In fact, on our second morning, we opened our door to find a lively market had set up right on our street. To our surprise, the local Lindegracht Market had arrived (as it does every Saturday) with more than 200 stalls of fresh food from various cuisines, vintage clothing (memorably, stacks of well-kept second-hand Levi’s and Lee jeans), loads of vinyl, and other quirky flea market-esque finds. My partner and I were simply shocked and delighted at how much was happening quite literally at our doorstep. It wasn’t until we stepped outside of the flat that we realised the market was happening just a few feet away; otherwise, our cosy morning inside remained blissfully quiet.
We wandered aimlessly from the base most days. Walking south brought us into De Negen Straatjes (or, the Nine Streets) – a grid of cobbled lanes lined with independent boutique shops and restaurants. A little further east, Centrum beckoned with its layered chaos – great for a dose of energy but even better to leave behind. One day we strolled all the way to De Pijp and back – which is about 40 minutes each way on foot, each way, from our flat. We stopped along canals for people-watching, found some new wardrobe stables in second-hand shops, and of course, headed to Rudi’s for the city’s freshly made stroopwafels (you’ll smell the sugar from a few blocks away). Eventually we visited the Red Light District, but only as a deliberate afterthought – midday, on our last full day. It was exactly as expected: loud, blinking, and buzzing with tourists. A fine contrast, perhaps—we realised just how much we valued the quieter, more authentic rhythm of our days near the Airbnb.

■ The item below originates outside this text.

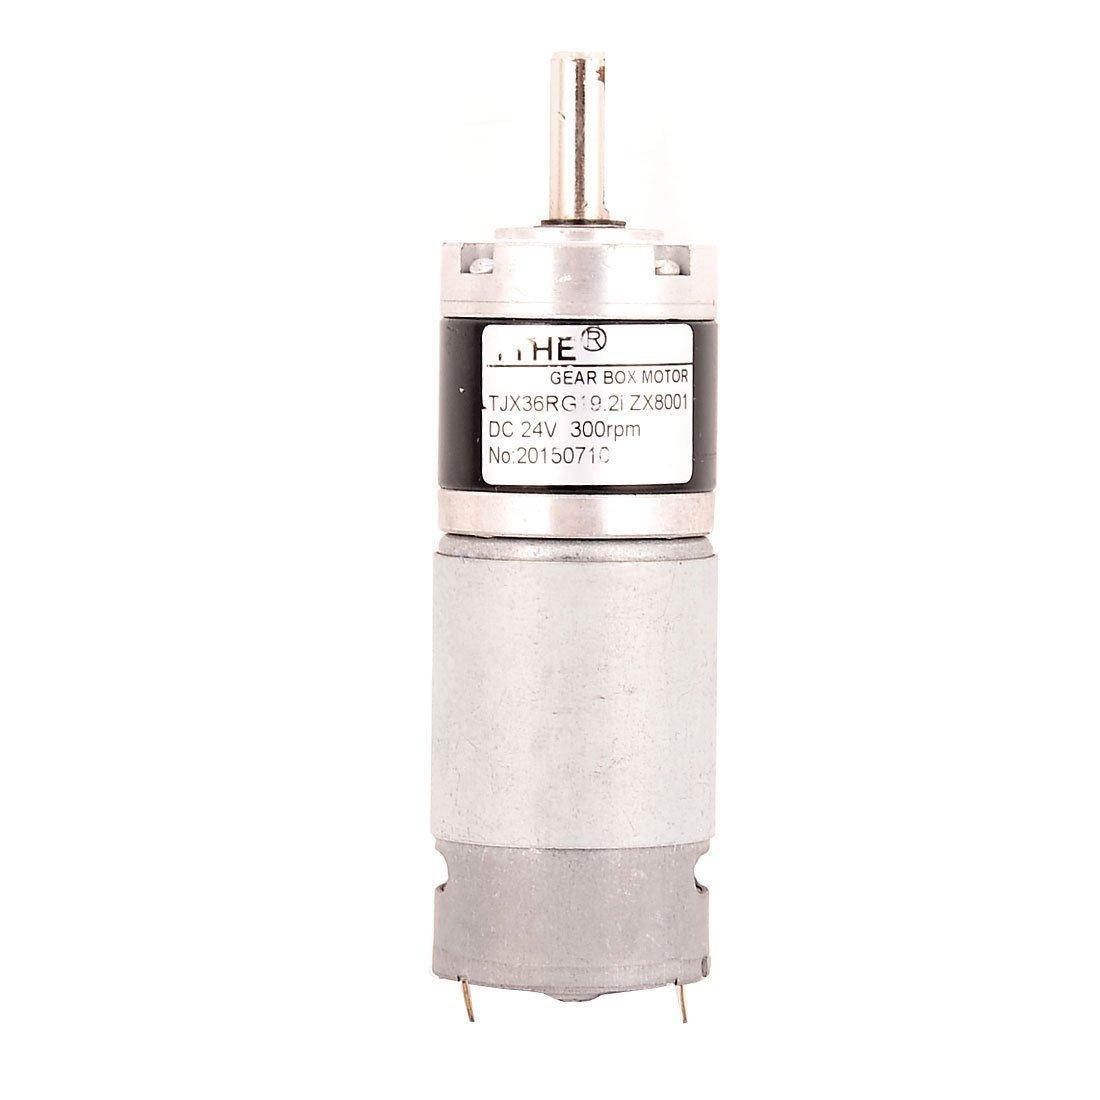 DealMux a16010600ux0096 DC 24V 300 rpm High Torque 8 mm Eixo Di Amp, baixa velocidade de solda Gear Box Motor

Less than a 10-minute walk to some of the neighbourhood’s buzziest, highly-acclaimed restaurant and lounge spaces, evenings were simple and memorable. One night we stumbled into Calisto for an intimate, slow-paced, and mouth-watering dinner. Café Parlotte was one of the most memorable meals – with an incredible clam dish and thoughtful wine list. A few doors down, Sins of Sal was top-notch for unique, craft cocktails. With a large open facade and alluring red-hued light, we were captivated by the dark and moody vibe – as well as the friendliness of the owner who gave us a huge list of nearby recommendations.
Amsterdam is an easy city to fall in love with, but staying in trendy Jordaan makes it even easier. And perhaps it was waking up in our tastefully-designed, light-filled abode – but life moved refreshingly slowly on our Airbnb’s street of Lindengracht. It was easy to notice laundry lines, corner florists, and a wine glass left on a windowsill. This quaint base offers the best of both worlds: the convenience of being close to the city’s main attractions and the luxury of a quiet, comfortable space to return to at the end of the day. If you’re looking for an easy, breezy, and simply stylish home to explore Amsterdam, this oasis of an Airbnb is the kind of place you’ll want to return to again and again.